Un secondo anticorpo di cui l’Occidente dovrebbe munirsi è quello di eliminare quello strano senso di colpa che pervade quasi tutta la sua cultura, che ha rovesciato l’osservazione evangelica: da noi si è più propensi a vedere la pagliuzza nei propri occhi che non la trave negli occhi altrui. Questa situazione porta molti occidentali a giustificare, in fondo, la violenza islamica, perché mille anni fa abbiamo fatto le crociate o perché più di un secolo fa abbiamo colonizzato molti di quei Paesi. Quelle colpe passate (su cui si dovrebbe aprire una seria considerazione, per la quale non c’è spazio in una semplice lettera), posto che siano tali, impediscono all’Occidente, che ora sta arricchendo i  Paesi islamici per via del petrolio, di elaborare giudizi equilibrati e sensati per evitare di suicidarsi. Forse, l’Occidente potrebbe approfittare dell’anno giubilare per chiedere perdono dei propri peccati (che ci sono). Così, libero di questo peso, potrebbe riprendere a ragionare liberamente, per sconfiggere il terrorismo su tutti i fronti necessari. Sappia l’Occidente che il perdono cristiano è più potente di Freud.

L’Occidente è praticamente disarmato, da quando si è fatto invadere da quella che Ratzinger ha genialmente definito come la “dittatura del relativismo”. Il relativista si preclude, per forza di cose, la possibilità e il dono del giudizio, perché se tutto è uguale e tutto è relativo, se non si riesce più a distinguere il bene dal male, se non si riesce più a vedere ciò che è reale e ciò che non lo è, come si può combattere un attacco sferrato da certezze sbagliate, ma che certezze sono? Mi appare quasi penoso lo slogan ripetuto da tanti esponenti del nostro mondo in questo periodo: «non ci porteranno via i nostri valori». Ma quali sono questi valori? Il libero aborto è un valore? Il divorzio sempre più facile è un valore? L’utero in affitto è un valore? Quell’abbaglio costituito dalla cultura gender è un valore? E la nostra libertà vale solo perché possiamo trovarci per un happy hour o per ascoltare inni a Satana? Una “civiltà” con questi sedicenti valori come può difendersi da attacchi, contro i quali si dovrebbe avere forti ideali, in base ai quali essere capace di grandi sacrifici e non solo di andare liberamente al bar.

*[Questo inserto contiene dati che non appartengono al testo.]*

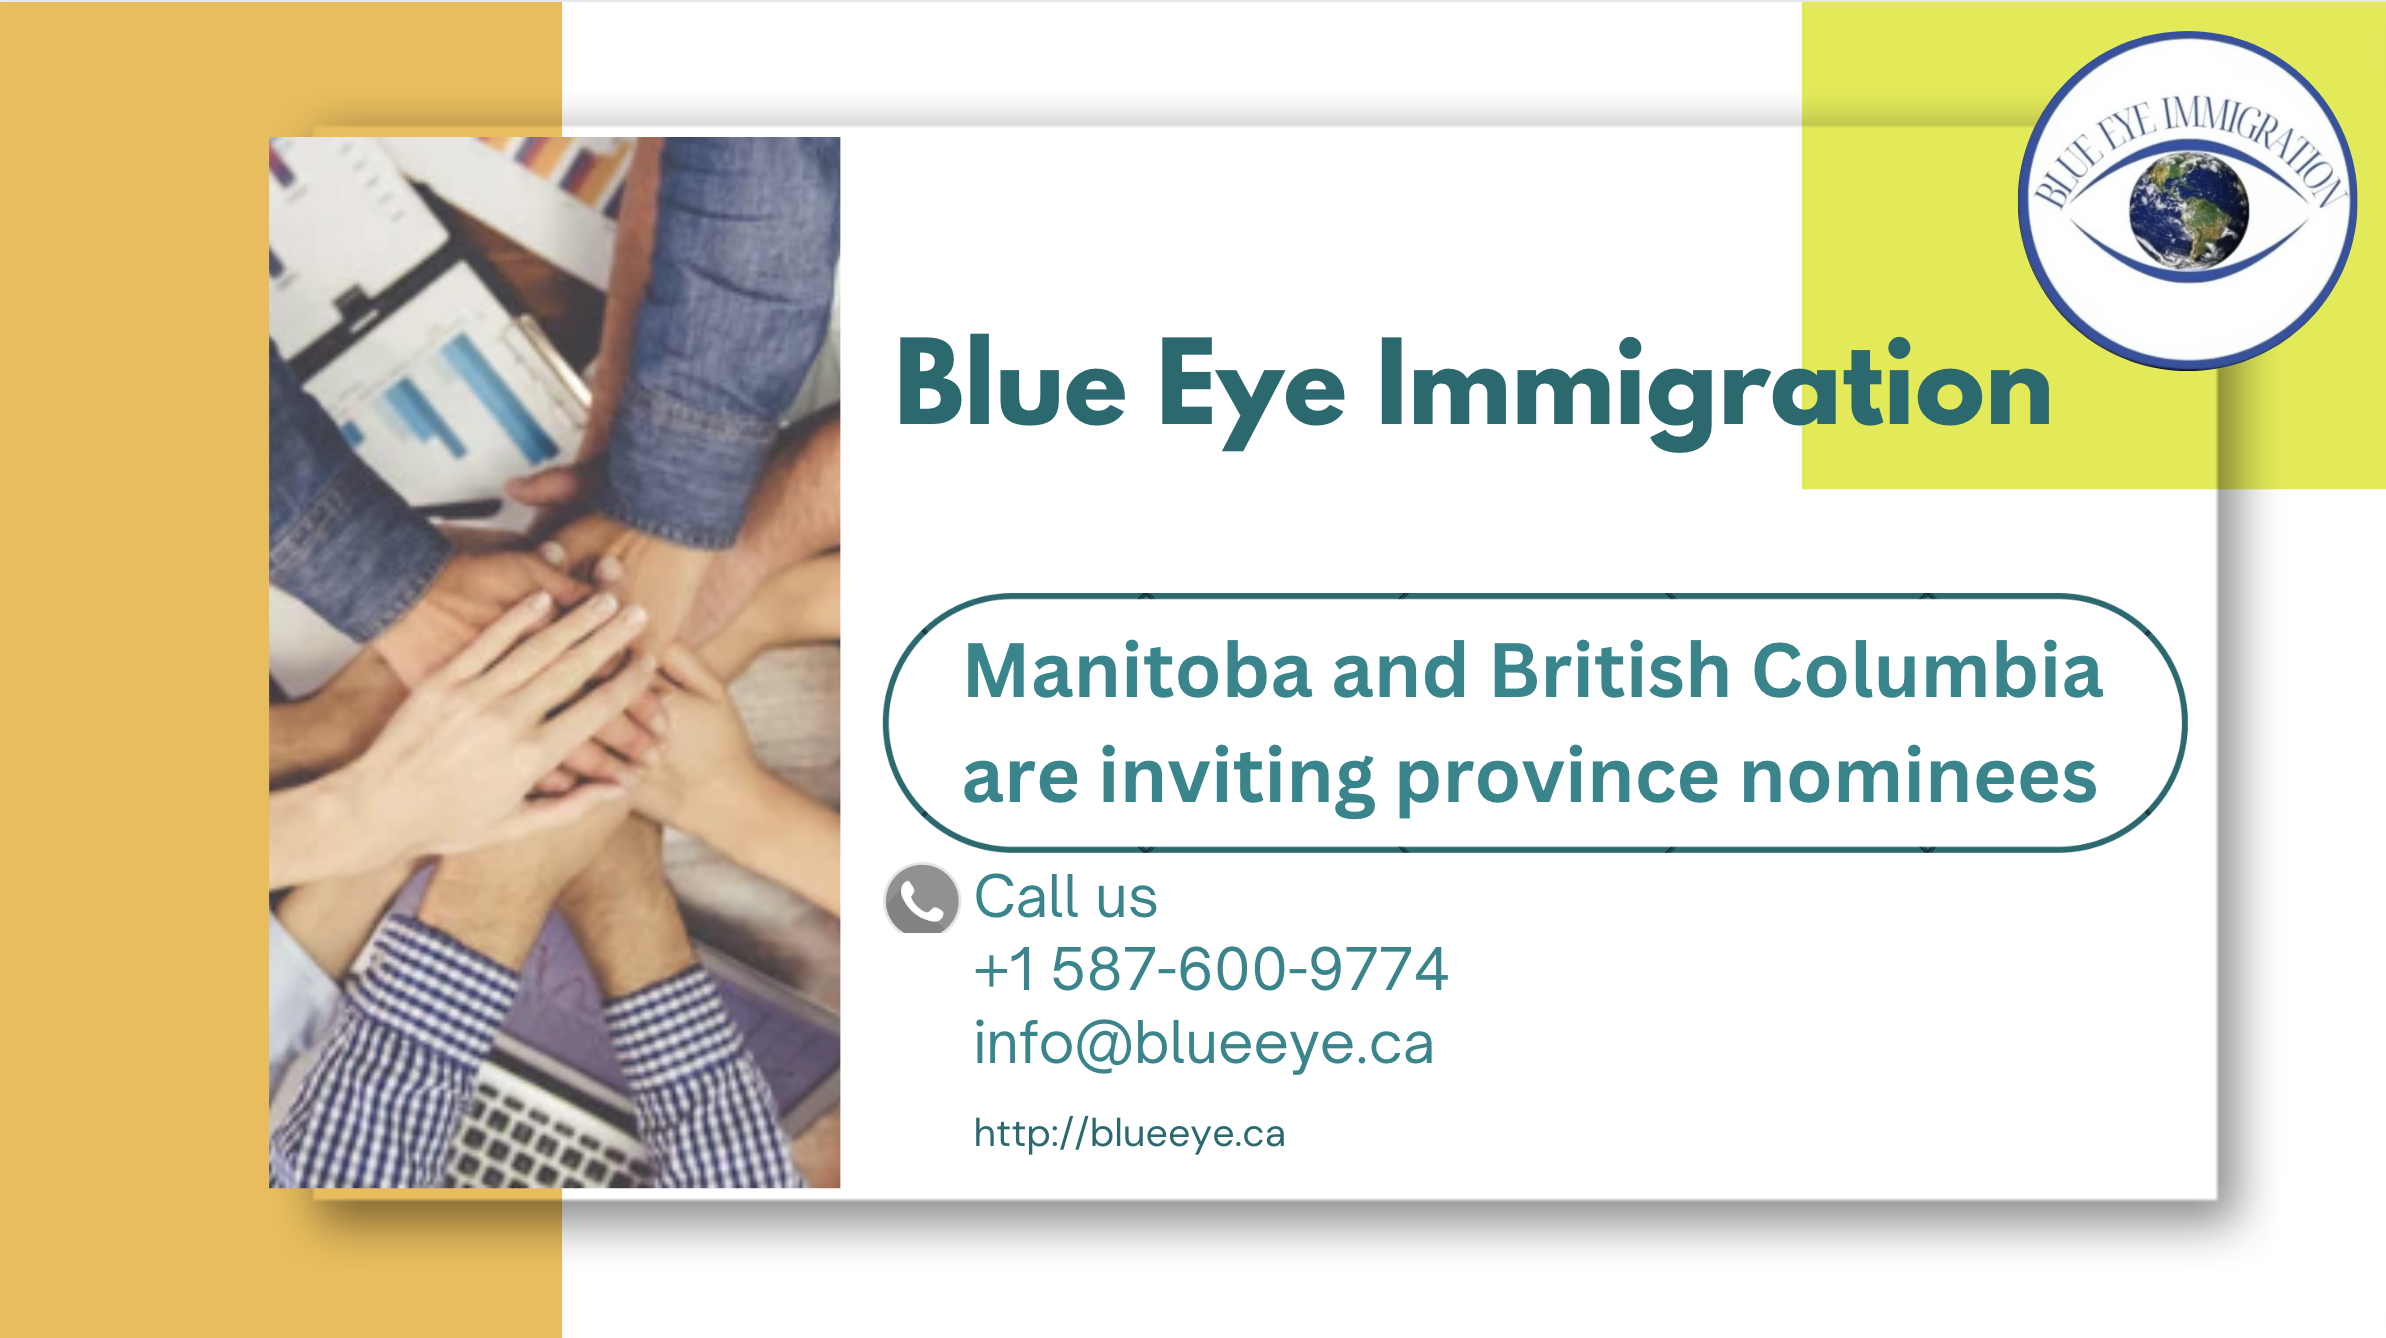 Manitoba and British Columbia are inviting province nominees

Dovremmo, allora, dire che non abbiamo più gli anticorpi per difenderci e sconfiggere il terrorismo islamico? All’apparenza dovremmo rispondere di sì. Ma abbiamo un’ultima opportunità, anzi, una grande speranza. Il vero e unico anticorpo è ritornare a “fare il cristianesimo”, vivendolo in tutte, dico tutte, le sue dimensioni, che sono , e lo ripeto, cultura, carità e missione. La cultura, che ci permette di giudicare le situazioni senza complessi di inferiorità, perché il “pensiero di Cristo” può illuminare tutto; la carità, perché condividendo i bisogni dei nostri fratelli uomini (e donne), possiamo giudicare senza condannare; la missione, perché ci è stato ordinato di annunciare instancabilmente la buona novella a tutti ed in tutto il mondo. Solo un cristianesimo veramente vissuto ci può fare sperare in una rinascita pacifica del mondo intero. Hadjadj ha, recentemente, auspicato che si ritorni ad essere cristiani “guerrieri”: le nostre armi, appunto, sono la cultura, la carità e la missione.

Caro direttore, spero che il Santo Natale, oramai vicino, dia a tutti noi l’occasione per chiedere a Gesù Bambino la forza della testimonianza e della lotta, che, come sai, per me sono la stessa cosa. Tanti tanti auguri a te ed a tutti i tuoi tanti lettori.